Are you making an argument that these buyers would have difficulty if they are buying a bigger house than they currently own? If so, I can see that.
Yes their home value has gone up also, but because everything else has risen by the same margins, something that used to be just a bit out of their price range is now much much further outside of it.
Even equivalent properties are more expensive because they often need work on top of the price, and even if they don’t, the closing costs and cut to realtors are proportionally higher and that doesn’t count toward equity. And folks in V-LCOL areas can’t really move to areas that aren’t equally depressed, because houses in other areas are even more wildly expensive, so we are scraping the lowest cost of the bottom of the low cost barrel already. There’s nowhere to really go like people from HCOL areas can.

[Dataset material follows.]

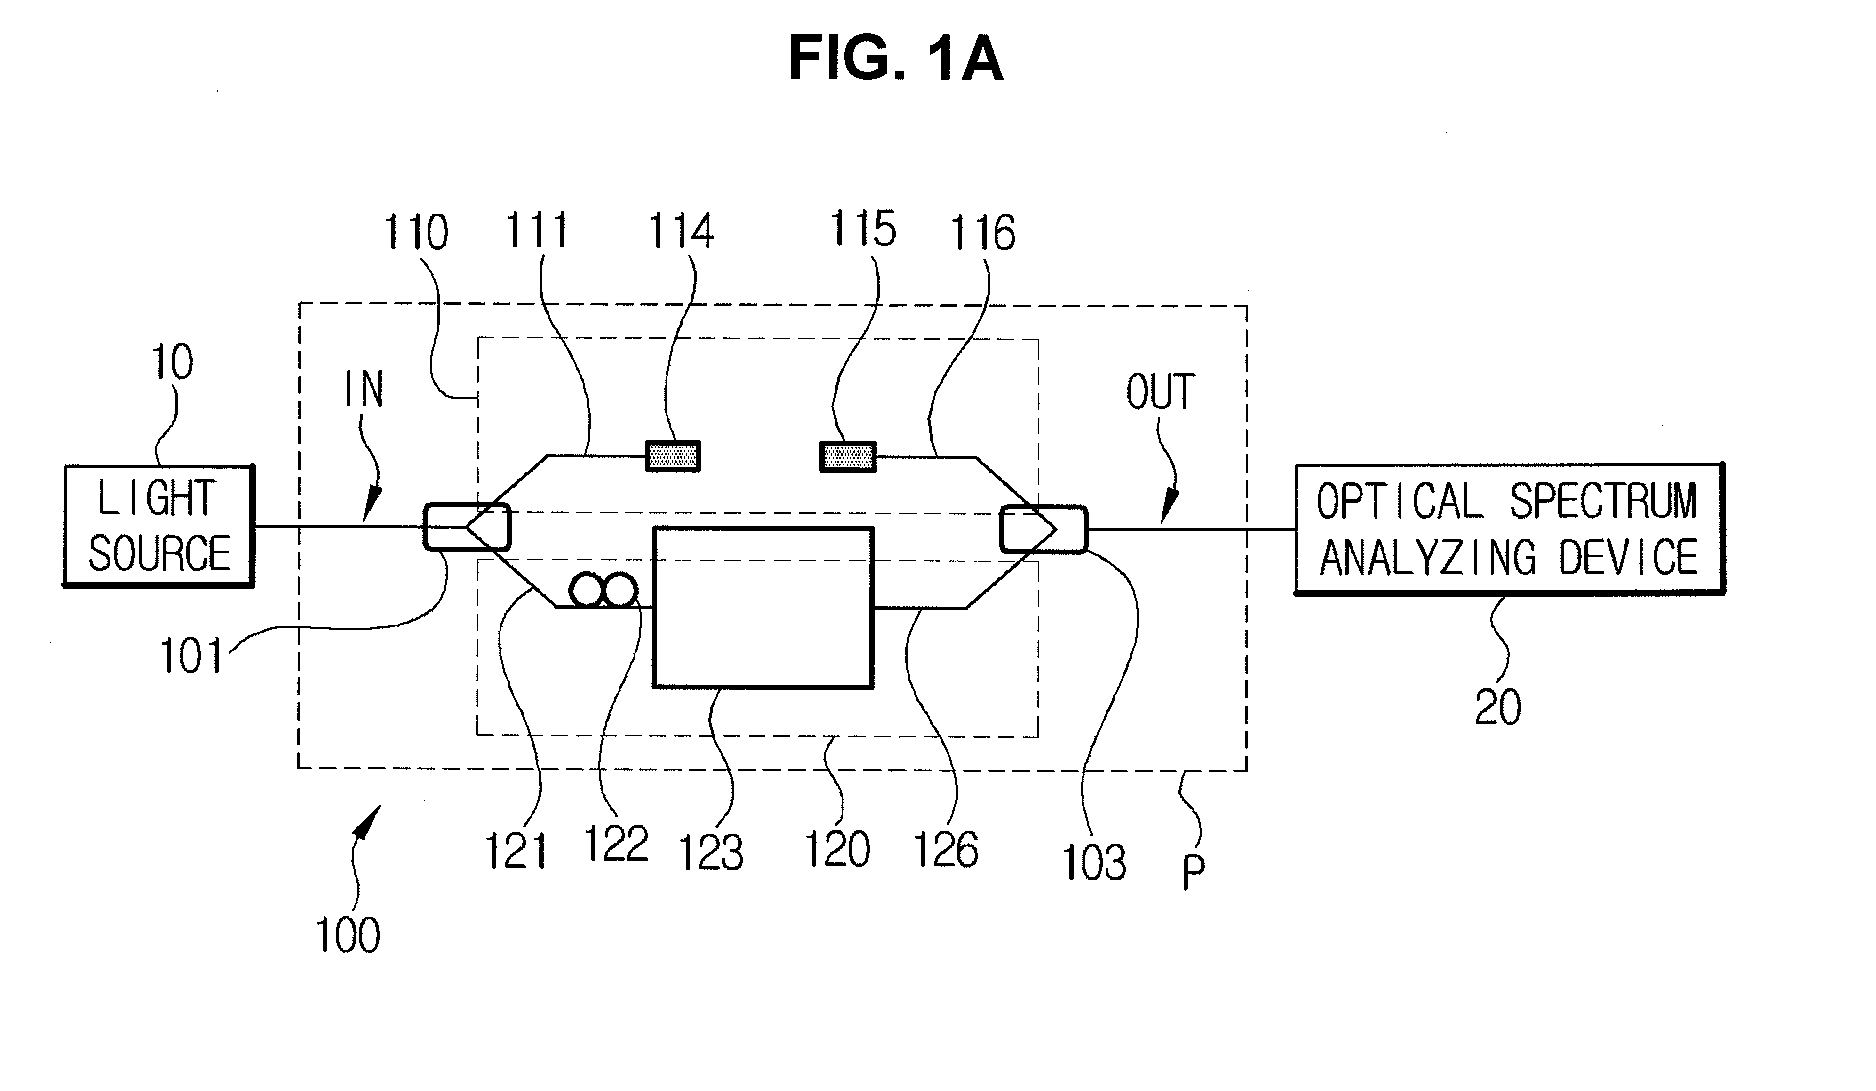 Systems for measuring electro-optic and thermo-optic coefficients by using interference fringe measurement, and methods of measuring electro-optic and thermo-optic coefficients by using the systems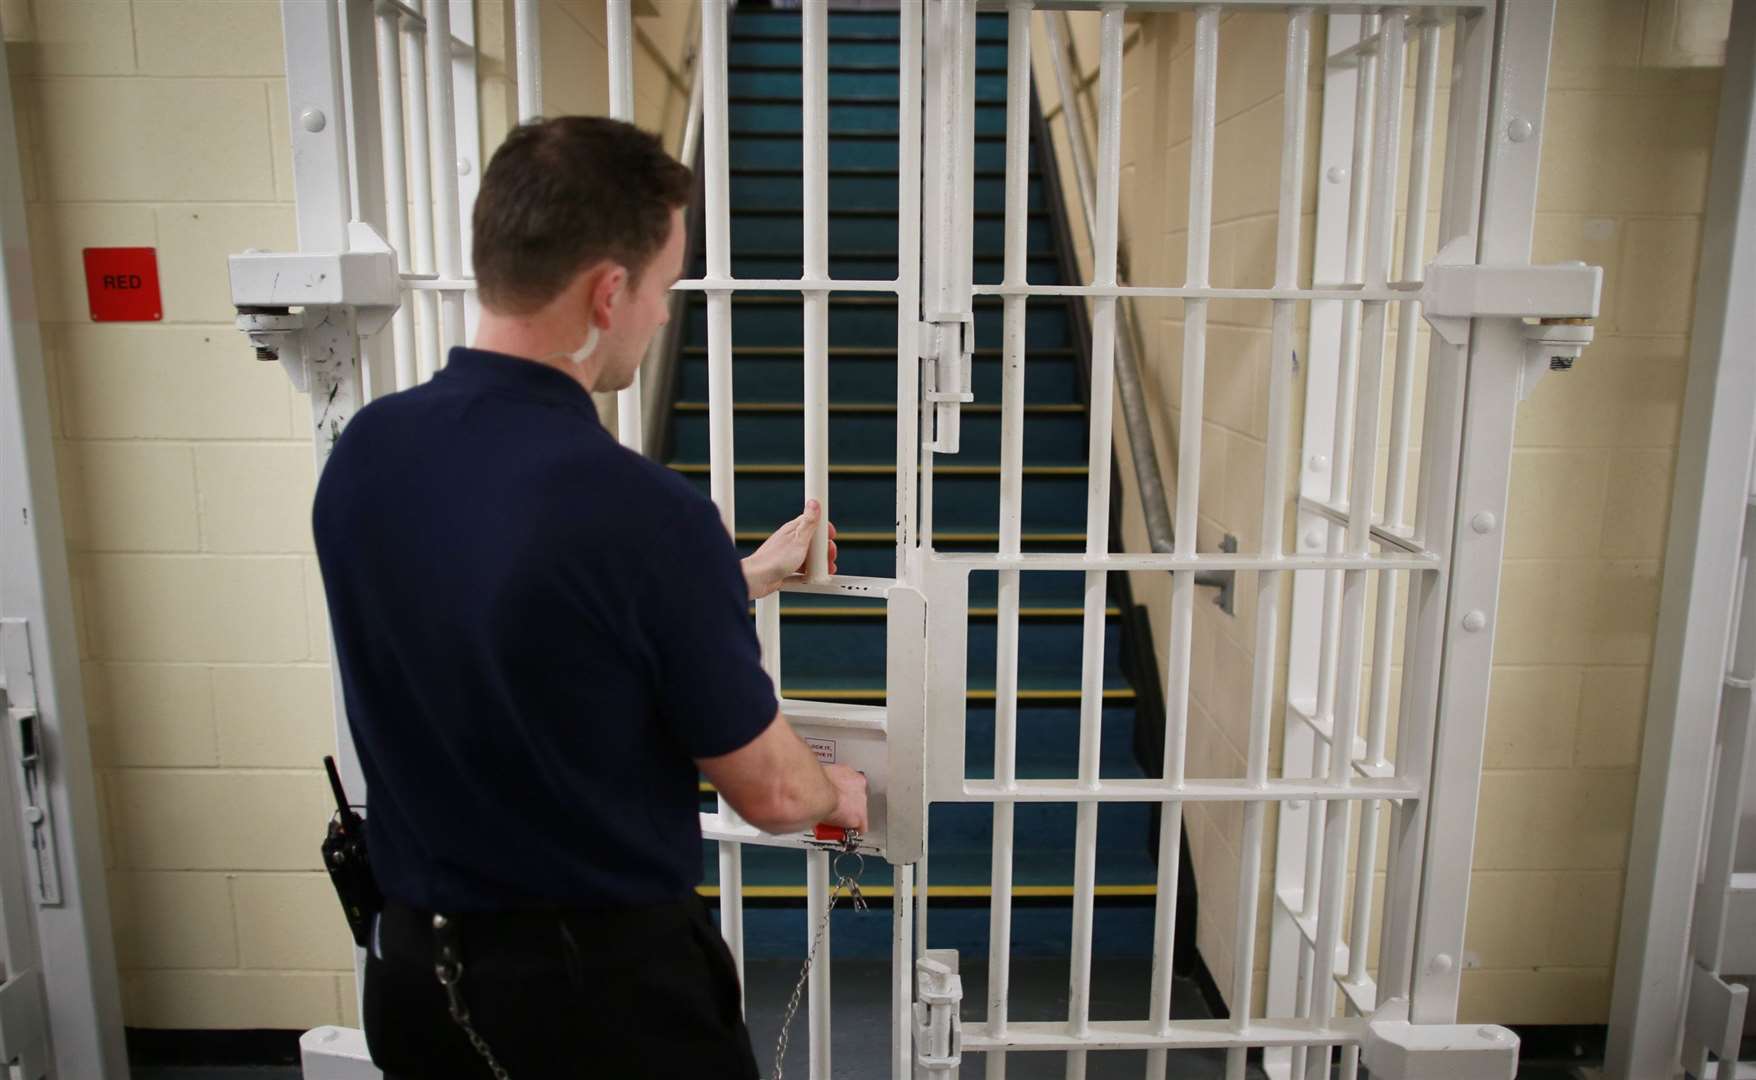 A review has been launched into how prison officers blow the whistle on working practices

So say someone wants to move to the next town over for whatever reason. They have to pay to have their house sold, which is a percentage of sale for whatever dumbass reason (8-10% on average), then the closing costs, inspections, etc. for the place they are buying (2-5%), and that eats right into the equity of the existing house, meaning they have to find something 10-15% lower in absolute terms if they want to come out unencumbered, which used to be a pretty small actual difference but now is pretty substantial (for example, 10% of my purchase price is about 6k, with the current state of things I’d be looking at about 20k) The alternative option is to take out a mortgage for the price difference, at a huge interest rate. But the price increases over the last few years could easily make that mortgage the same as their original mortgage on the place from a decade ago.
So on paper the house is worth more, but because everything else also is, and wages aren’t up, it’s a much larger difference for the buyer than it used to be.